Assignment: Pictures stay out of the copy; set down each line of the listing below exactly.

Supplied material:
=== Section Start ===

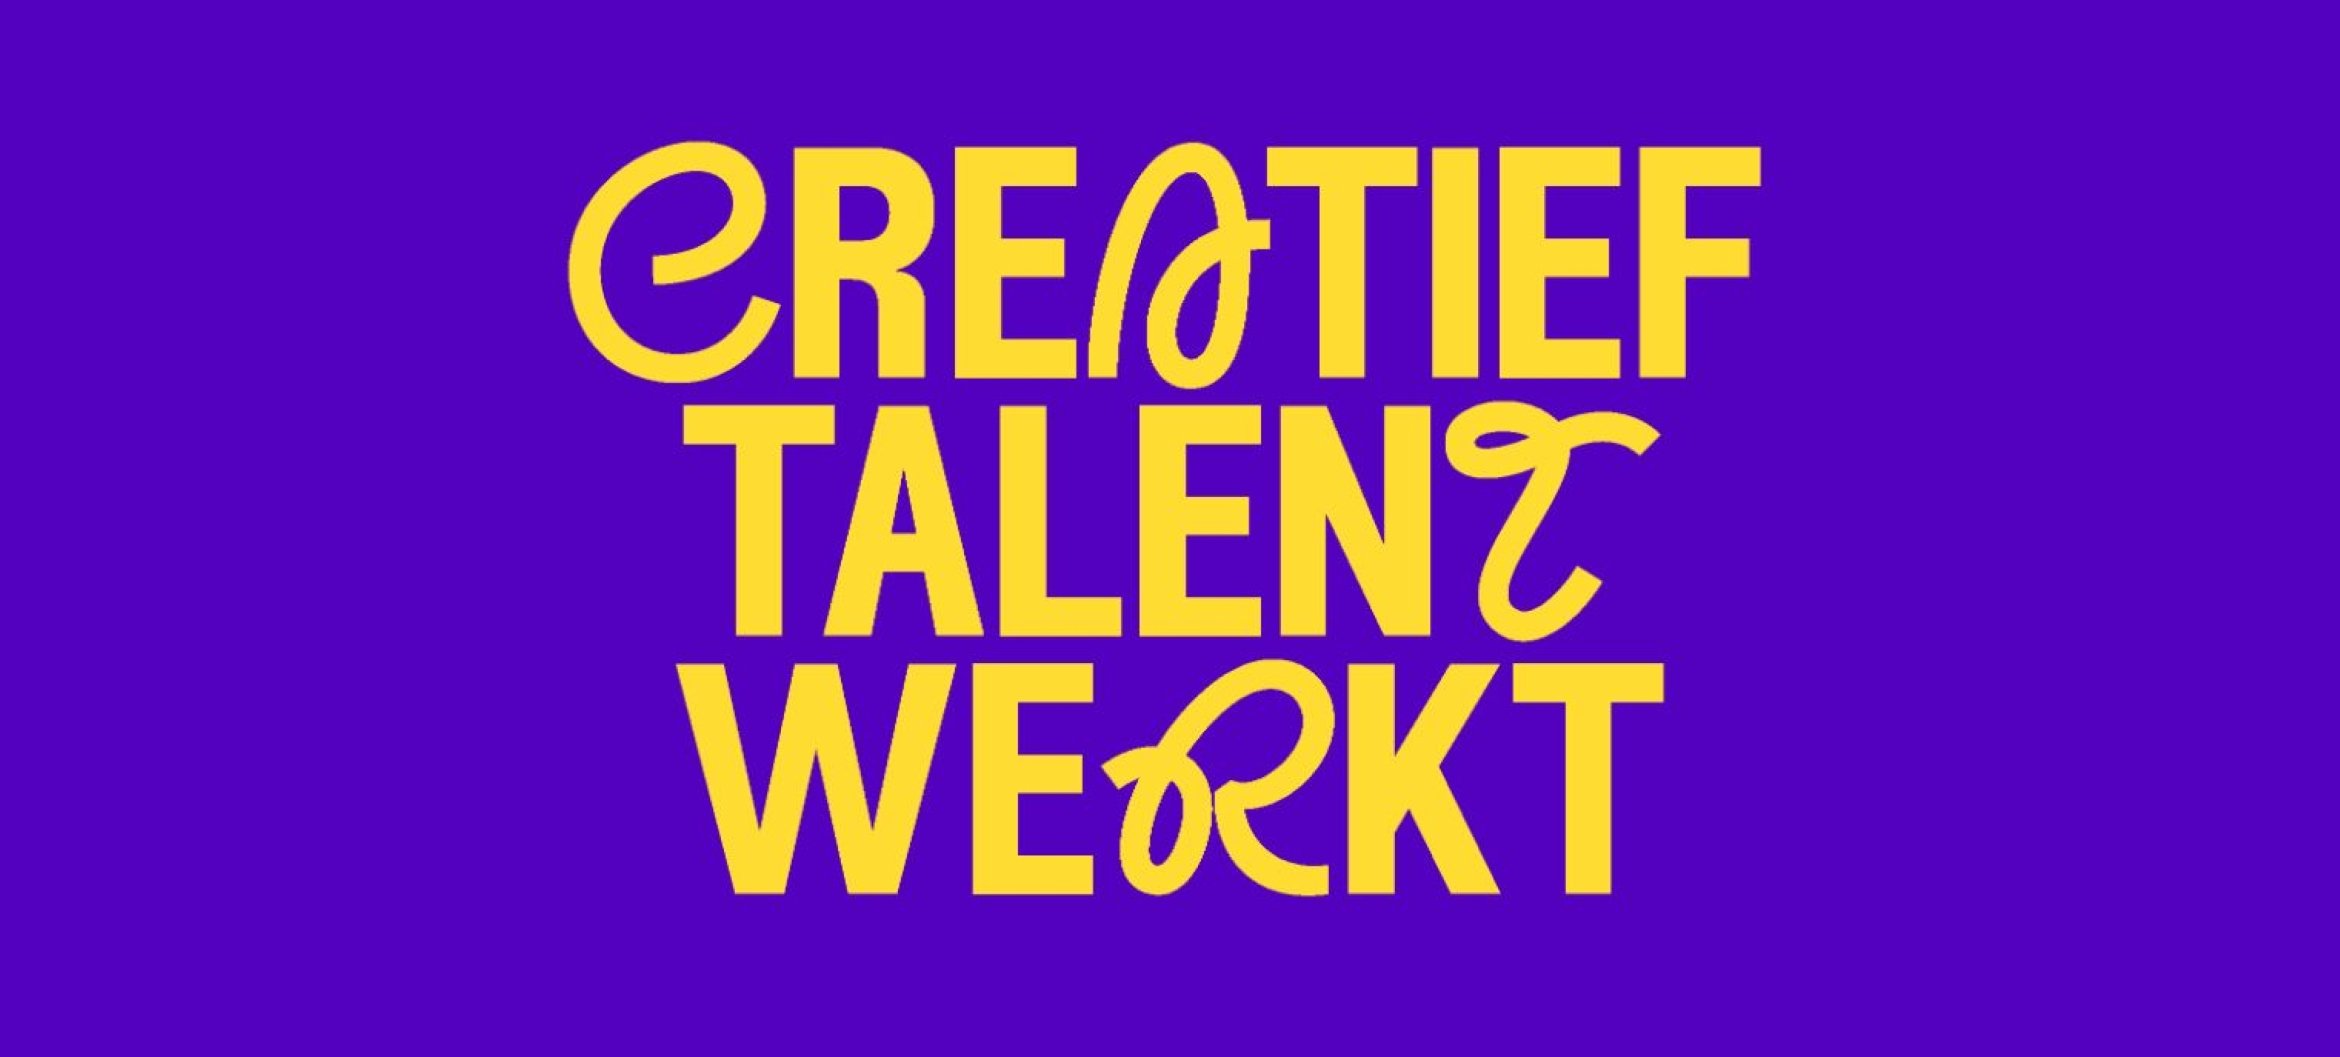 Creatief Talent Werkt is een online magazine de manieren waarop MKB en creatieve professionals en studenten kunnen samenwerken.
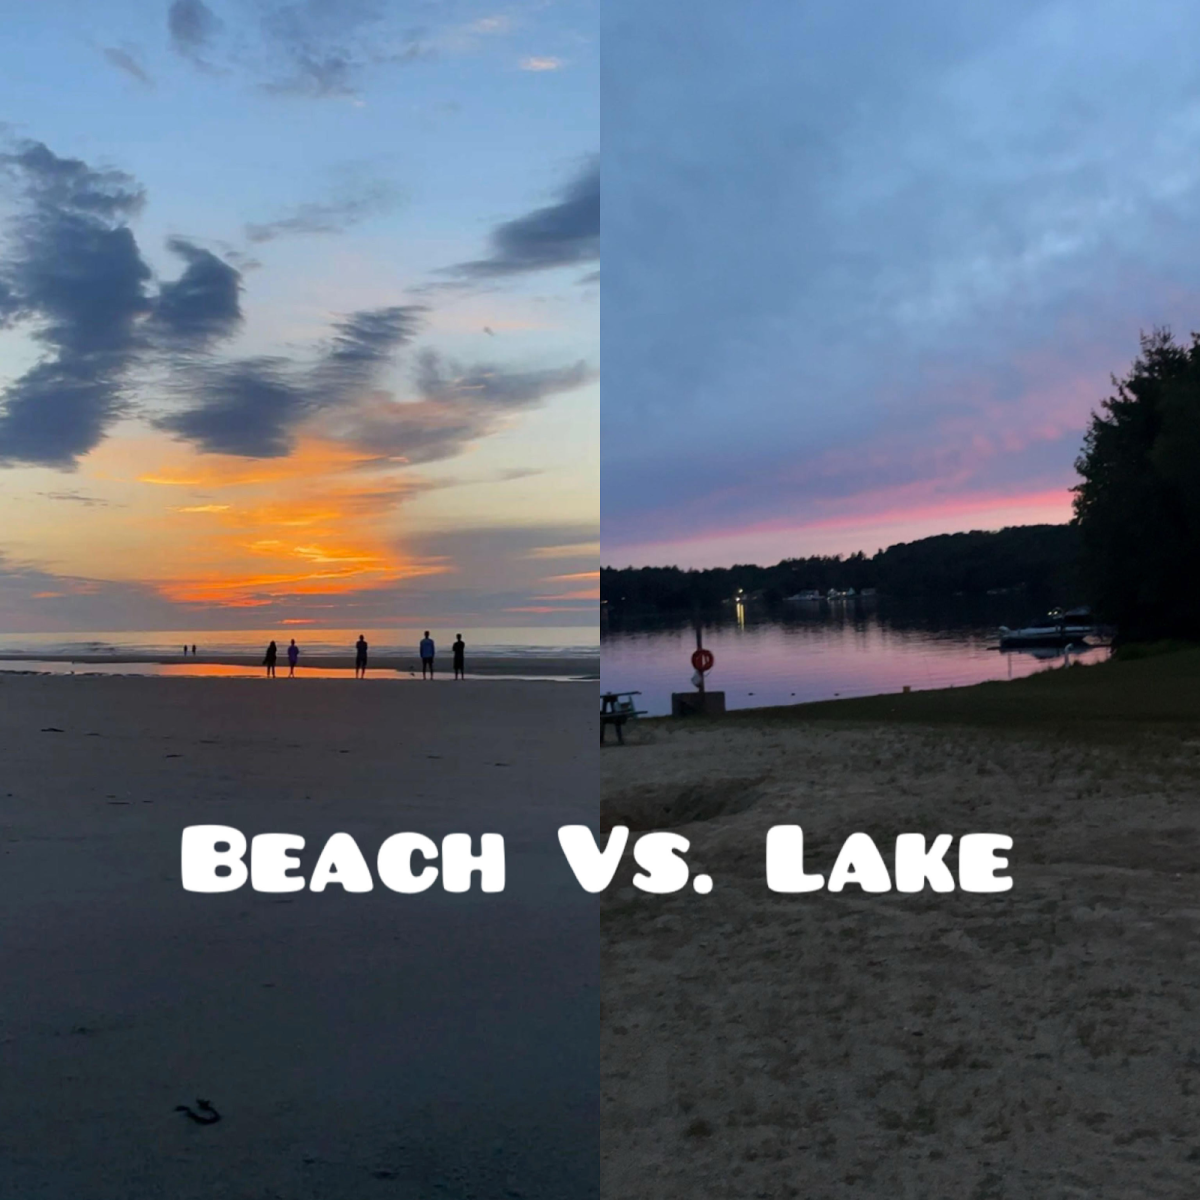 Beaches vs. Lakes
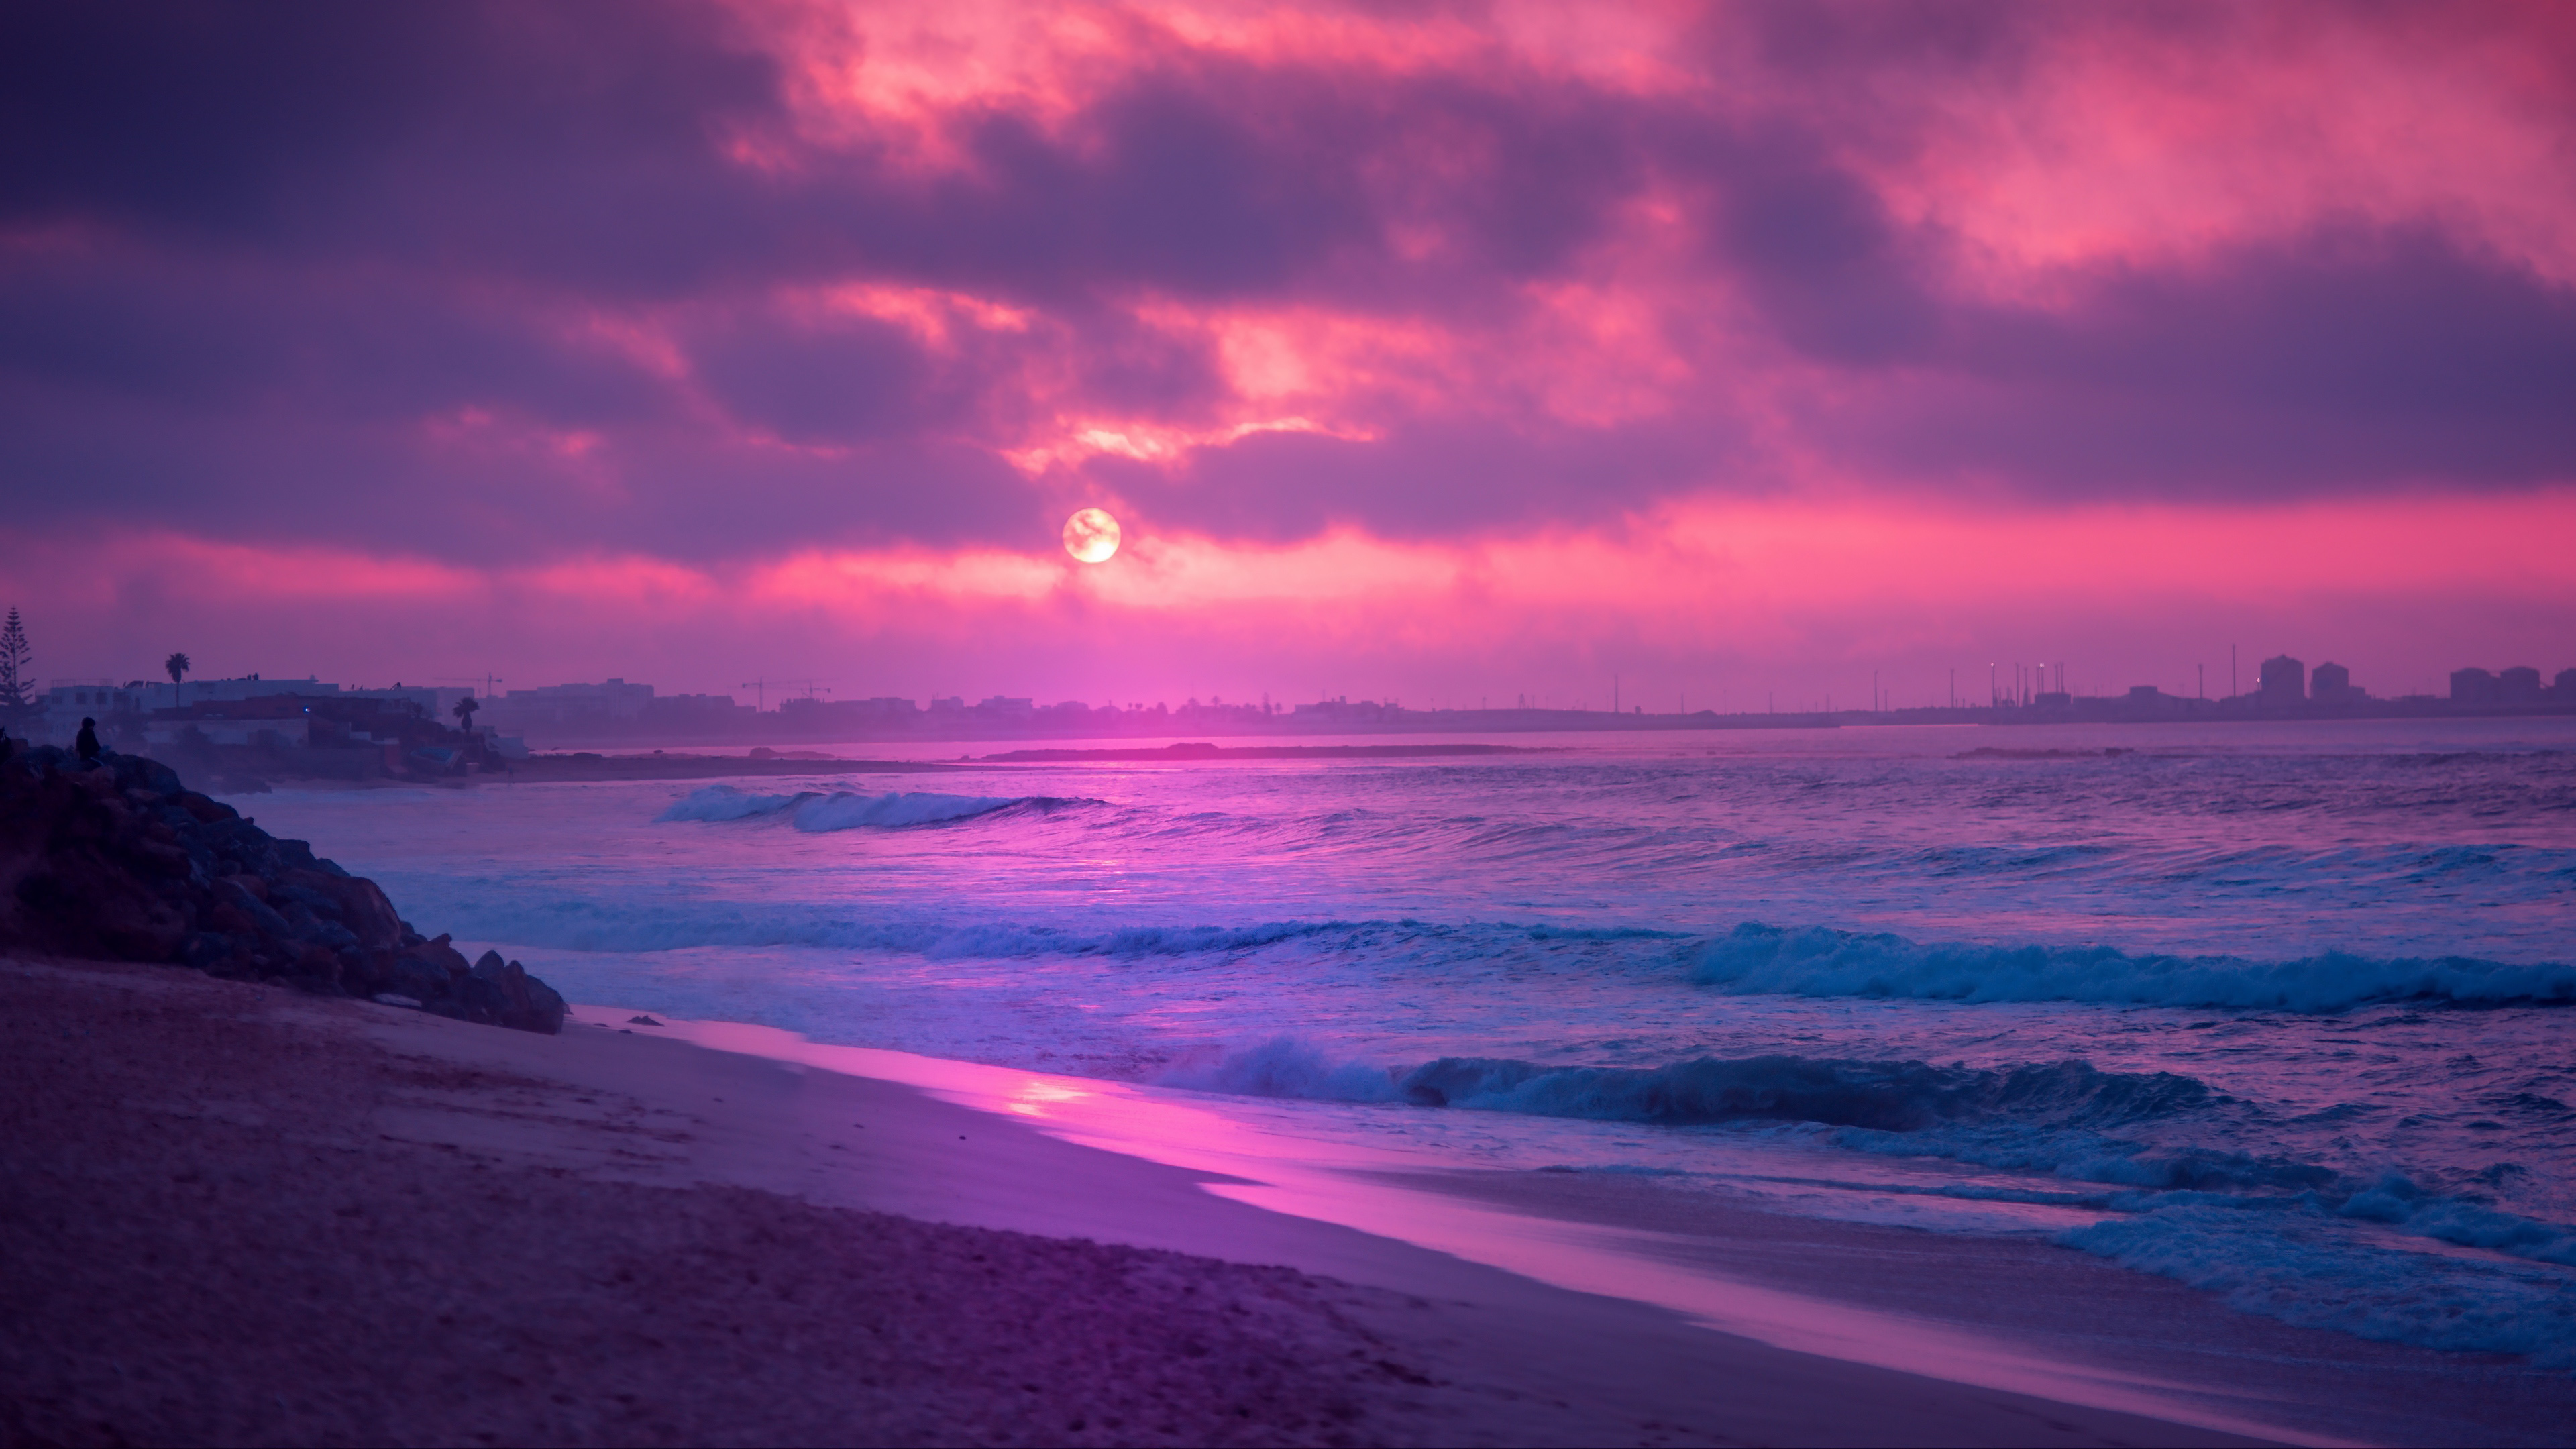 Pink sunset on the beach Wallpaper 4k Ultra HD

=== Section End ===

Response to this task:
 Creatief Talent Werkt is een online magazine de manieren waarop MKB en creatieve professionals en studenten kunnen samenwerken.
 Beaches vs. Lakes
 Pink sunset on the beach Wallpaper 4k Ultra HD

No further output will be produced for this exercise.